Graffiti: Reading Cultures on the Wall

One of the things I enjoy about Italy is the graffiti. It is often very entertaining, if not as elaborate as the fine art found on the subway cars in NYC during the 1980s. In fact, graffiti in Italy has a long cultural history dating back to the Ancient Greeks and the Romans. Here is an entertaining bit from wikipedia on the subject:

The Romans carved graffiti on walls and monuments, with examples surviving in Egypt. The eruption of Vesuvius preserved graffiti in Pompeii, including Latin curses, magic spells, declarations of love, alphabets, political slogans and famous literary quotes, providing insight into ancient Roman street life. One inscription gives the address of a woman named Novellia Primigenia of Nuceria, a prostitute, apparently of great beauty, whose services were much in demand. Another shows a phallus accompanied by the text, mansueta tene: “Handle with care.”
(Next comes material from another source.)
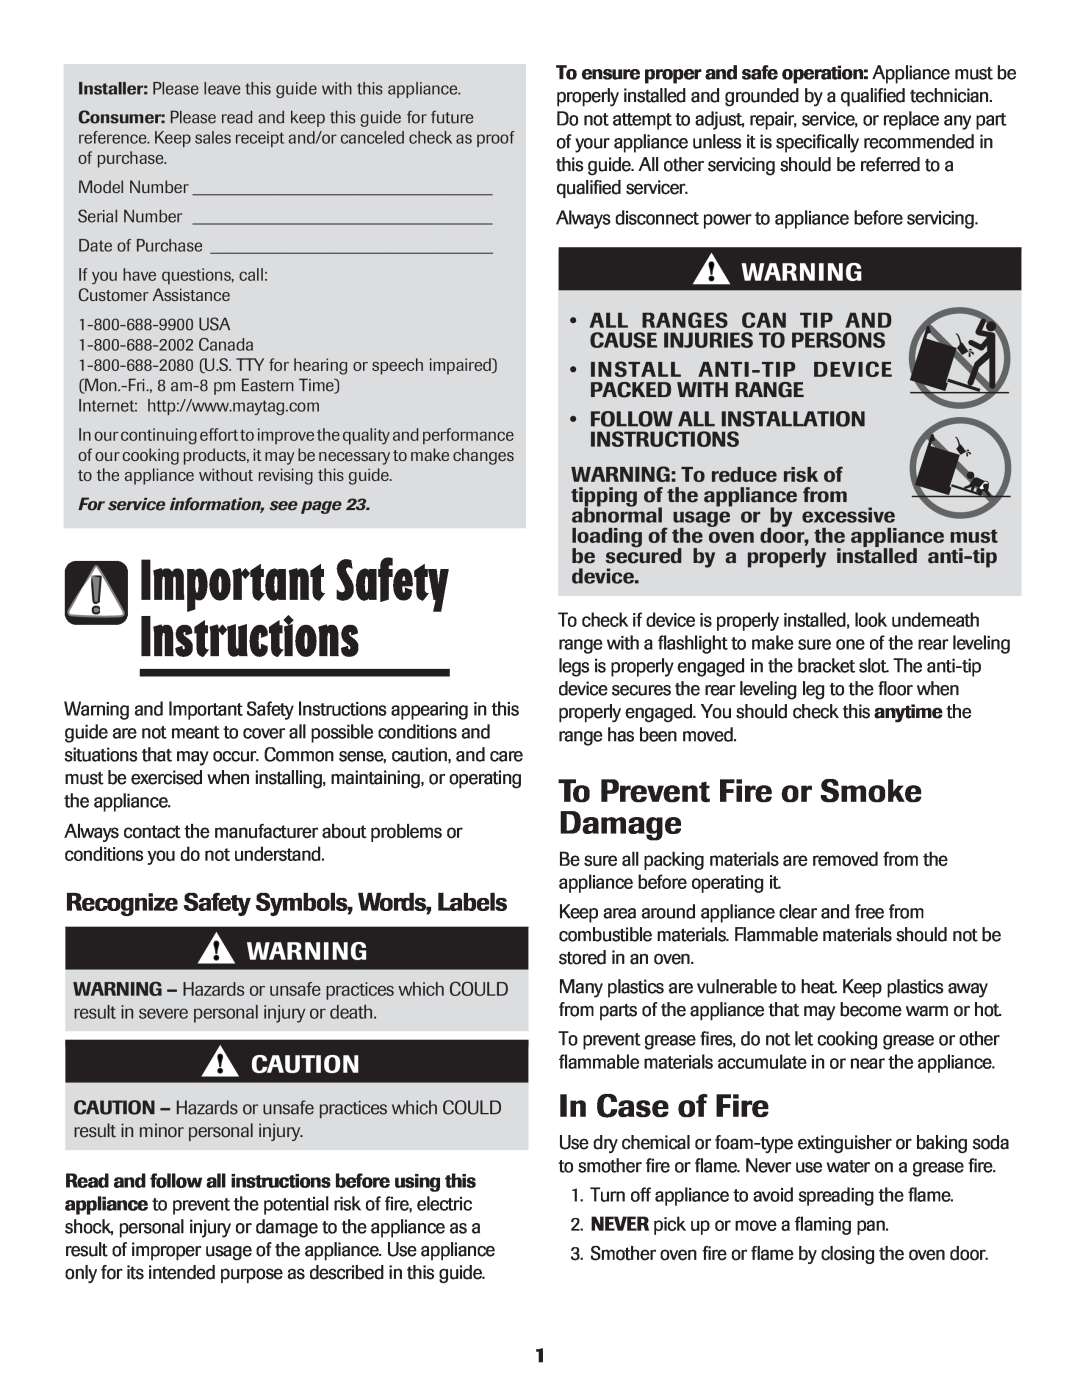 Maytag MER5552BAW warranty Instructions, Important Safety, To Prevent Fire or Smoke Damage, In Case of Fire 
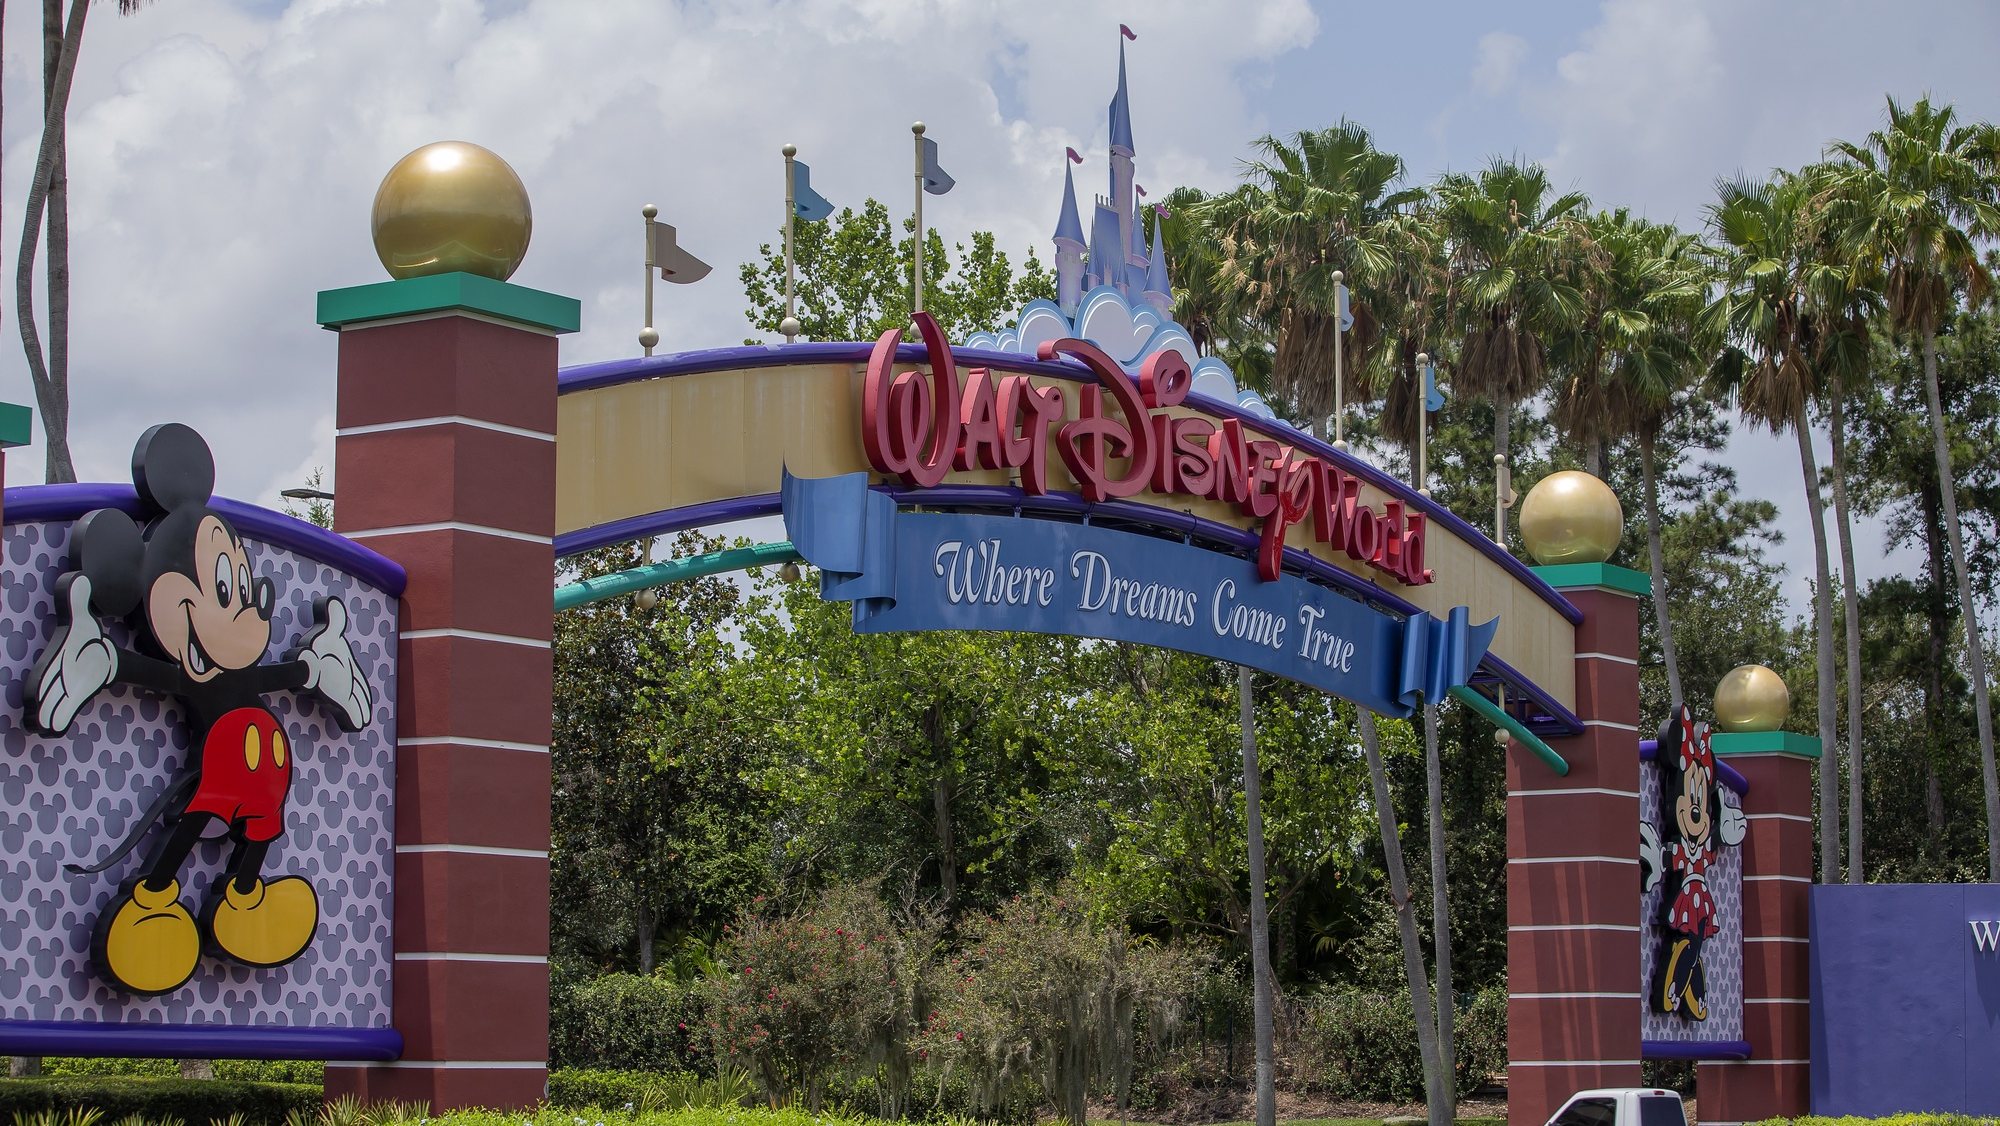 epa08843708 (FILE) - The main entrance to the Walt Disney World Resort of theme parks outside of Orlando, Florida, USA, 28 May 2020 (reissued 26 November 2020). Walt Disney Co, struggling with dwindling numbers of visitors due to Coronavirus, stated 26 November 2020 the company would reduce their workforce and cut some 32,000 jobs within the first six months in 2021. The new total of 32,000 job cuts includes the 28,000 job cuts the company announced in September 2020. Most of the job will be lost at Disney&#039;s theme parks.  EPA/ERIK S. LESSER *** Local Caption *** 56115975

So, in honor of this tradition I have captured some more recent inscriptions on the walls of beautiful Trento, Italia. I haven’t seen any anti-US (or should I say anti-Bush — let’s hope the two aren’t so easily conflated) sentiments covering these ancient walls on this trip thus far, which is interesting because that was pretty much all the graffiti there was in 2003, 2004, and 2005. Nonetheless, the few political slogans I have found thus far have been just as much fun…

Fascist Shits!
Fascist Shits

Always Revolt
Always revolt

And my personal favorite…

Hippie Freaks
Hippie Freaks!!

The above examples represent the more overtly political and far less elaborate forms of grafitti, by far the most common. Interestingly enough, however, a brand new commuter train station in Trento (San Chiara) right below Antonella’s family home has some elaborate, Brooklyn-inspired graffiti that reminds me a bit of home.

Brooklyn in Trento
Brooklyn in Trento

NYC Style Graffiti in Trento

NYC Style Graffiti in Trento

Bombing Tools (The Valsugana Bomberz Style)
Bombing Tools

NYC Style graffiti in Trento

I don’t know why I get excited when I see NYC-inspired graffiti accentuating a small, local train station in the Italian Alps. Is it just unchecked nationalism (or is it metropolitanism in this case?), or might it be the strange notion that US popular culture might have some interesting intersections that move beyond (or at least adjacent to) global capital in these dark times.